Numerically stable computation of embedding formulae for scattering by polygons

TL;DR

This paper develops a numerically stable method for computing embedding formulae in scattering problems involving polygons, improving accuracy and stability in practical implementations for various incident waves.

Contribution

It introduces a novel approach to identify and control numerical instabilities in embedding formulae for polygon scattering, extending to Herglotz wave functions and T-matrix methods.

Findings

Enhanced numerical stability in embedding formula computations

Extension to Herglotz wave functions

Potential removal of frequency dependence in T-matrix methods

Abstract

For problems of time-harmonic scattering by polygonal obstacles, embedding formulae provide a useful means of computing the far-field coefficient induced by any incident plane wave, given the far-field coefficient of a relatively small set of canonical problems.

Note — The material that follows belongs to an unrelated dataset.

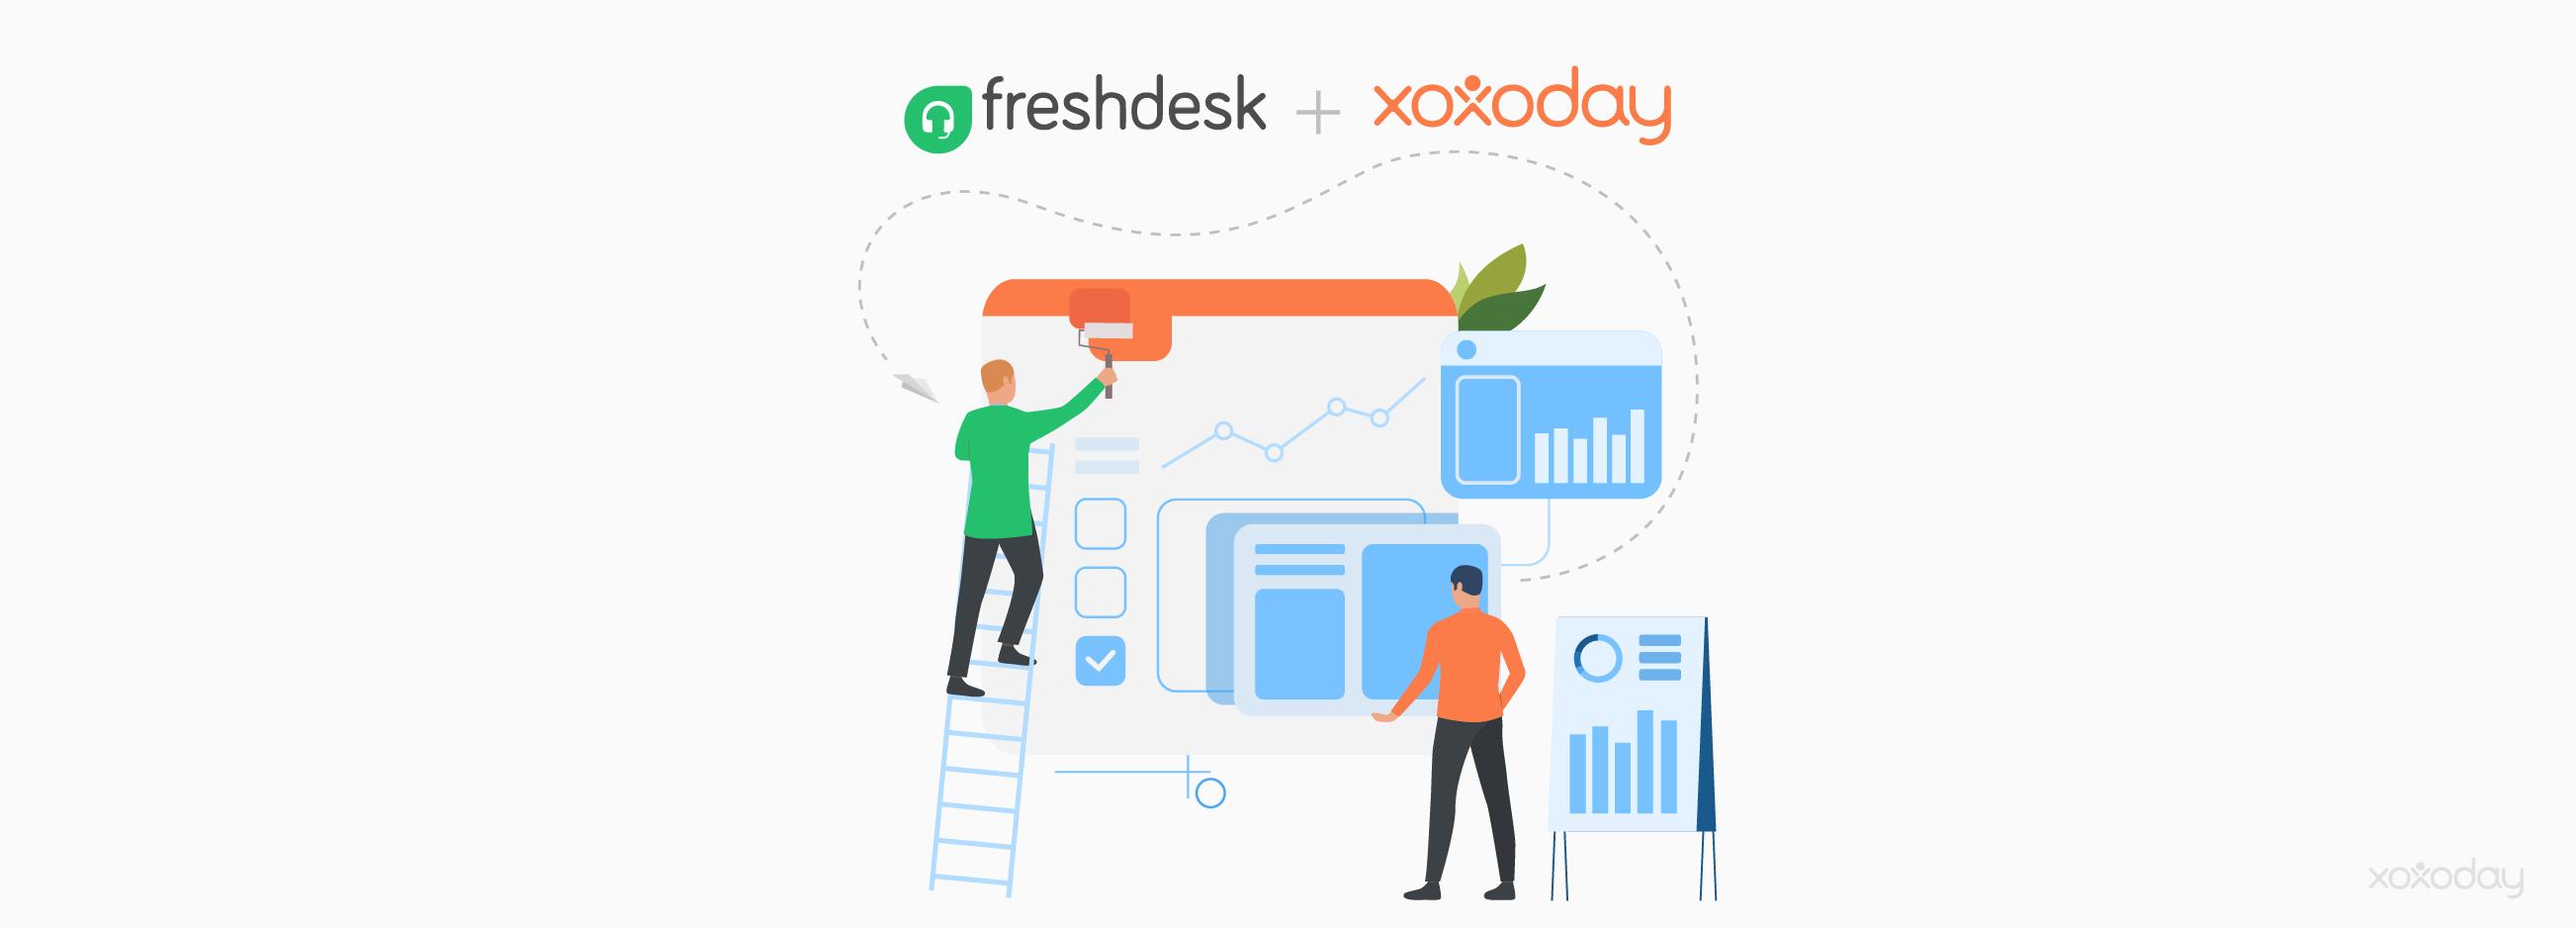 Xoxoday-Freshdesk Integration Aims to Motivate Customer Support with Milestone-Based Rewards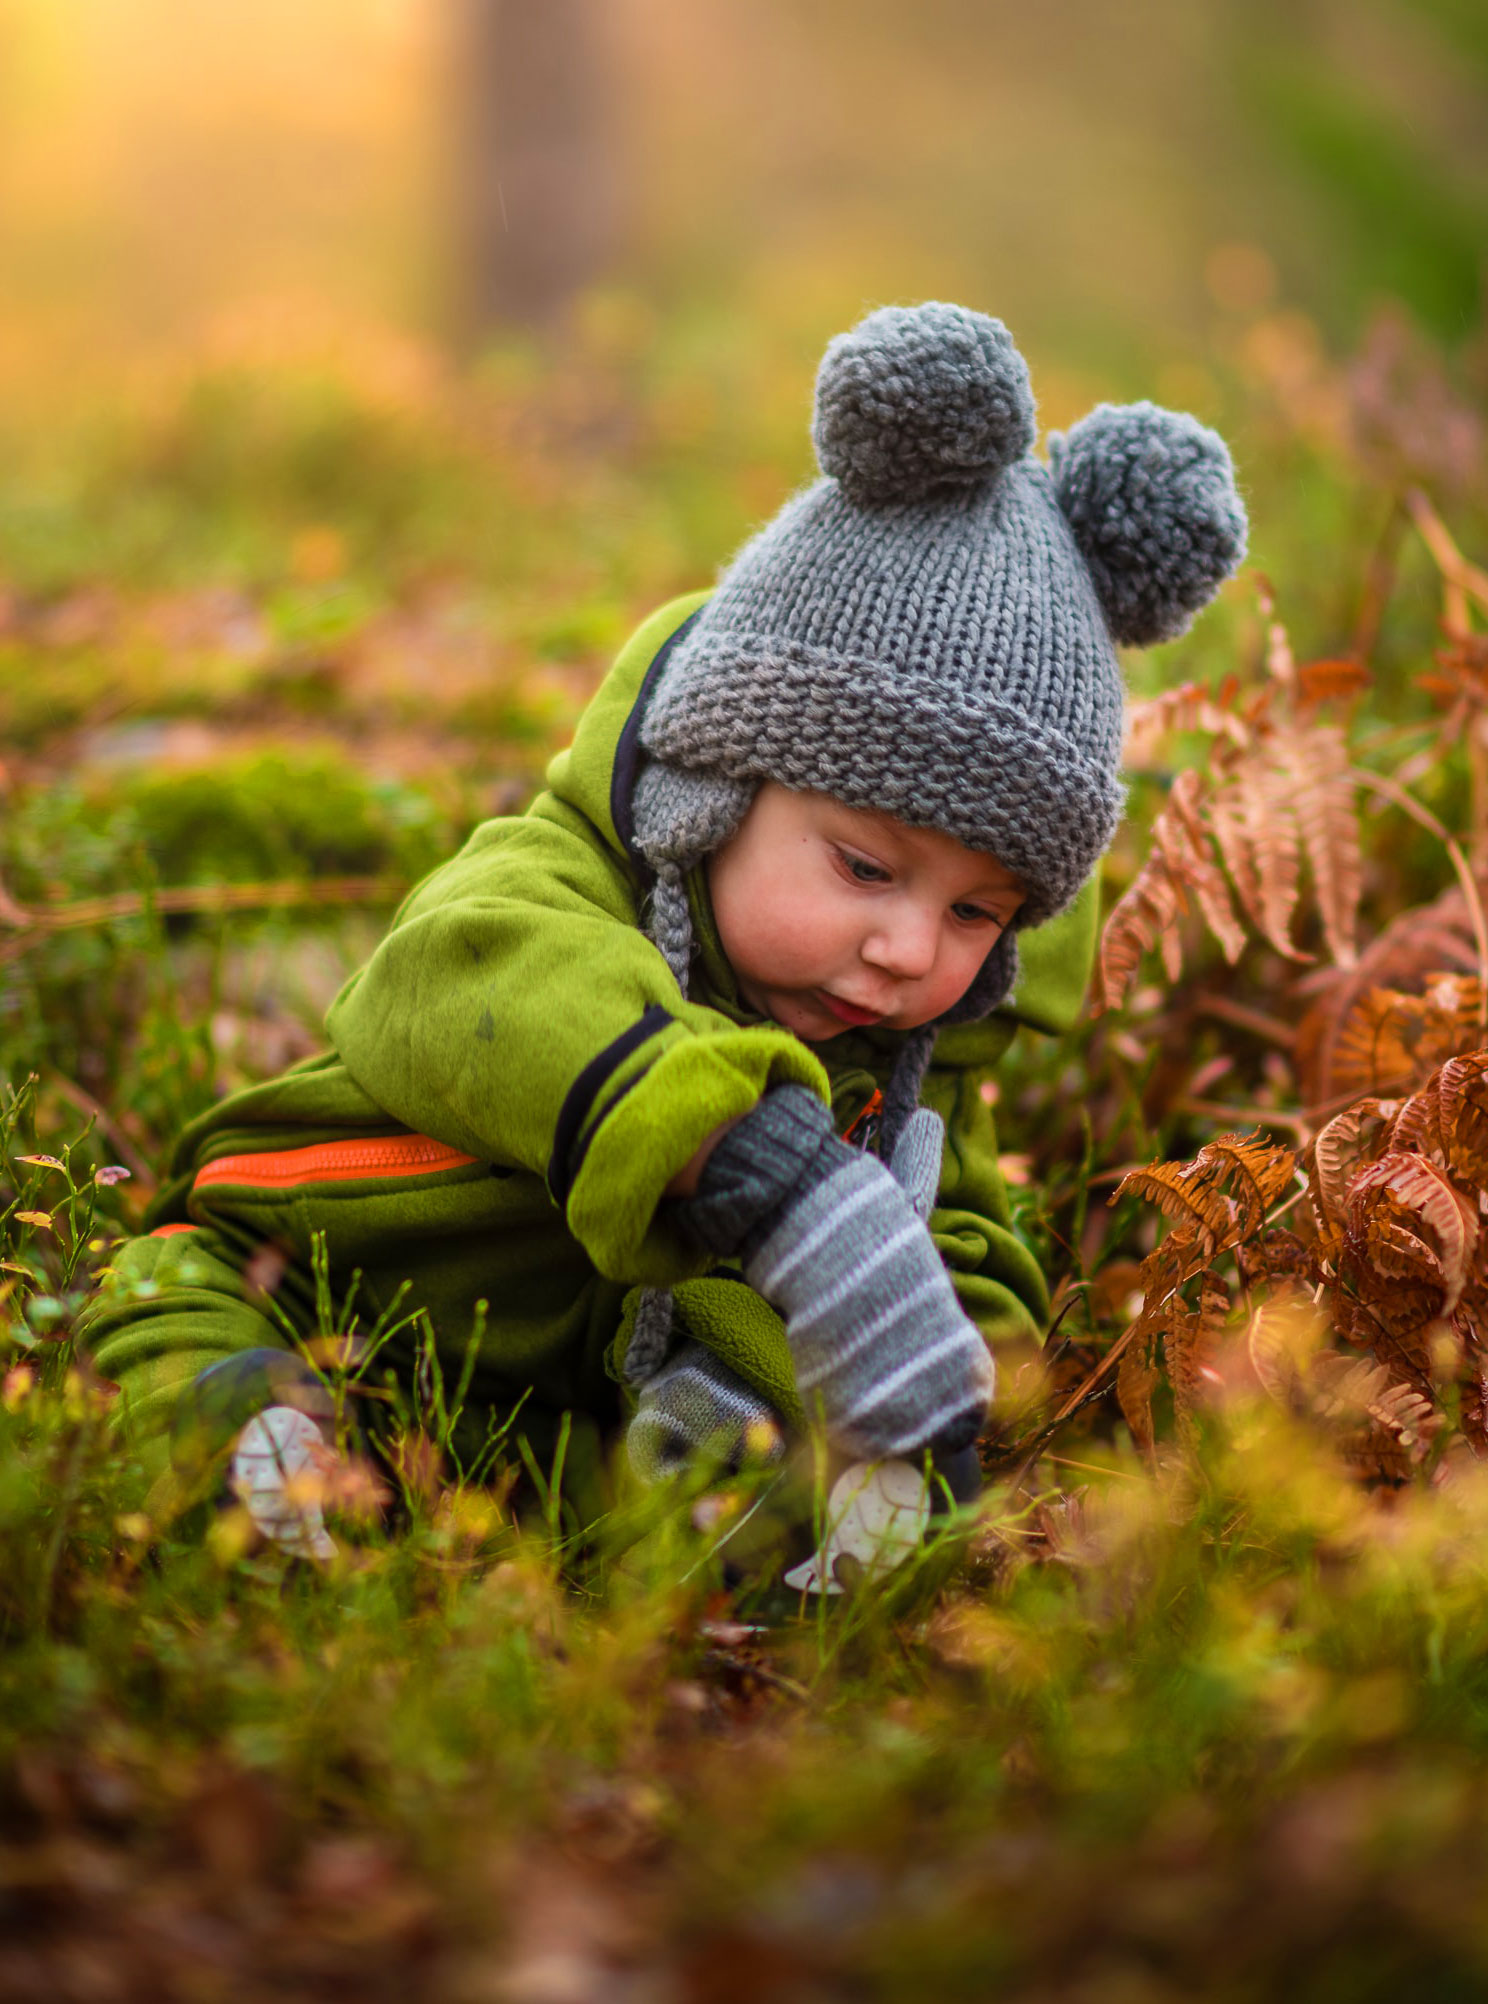 New Stylish Baby Boy Whatsapp Dp Images photo free download

The number of such problems to be solved depends only on the geometry of the scatterer. Whilst the formulae themselves are exact in theory, any implementation will inherit numerical error from the method used to solve the canonical problems. This error can lead to numerical instabilities. Here, we present an effective approach to identify and regulate these instabilities. This approach is subsequently extended to the case where the incident wave is a Herglotz wave function, and we suggest how this could potentially remove frequency dependence of a T-matrix method.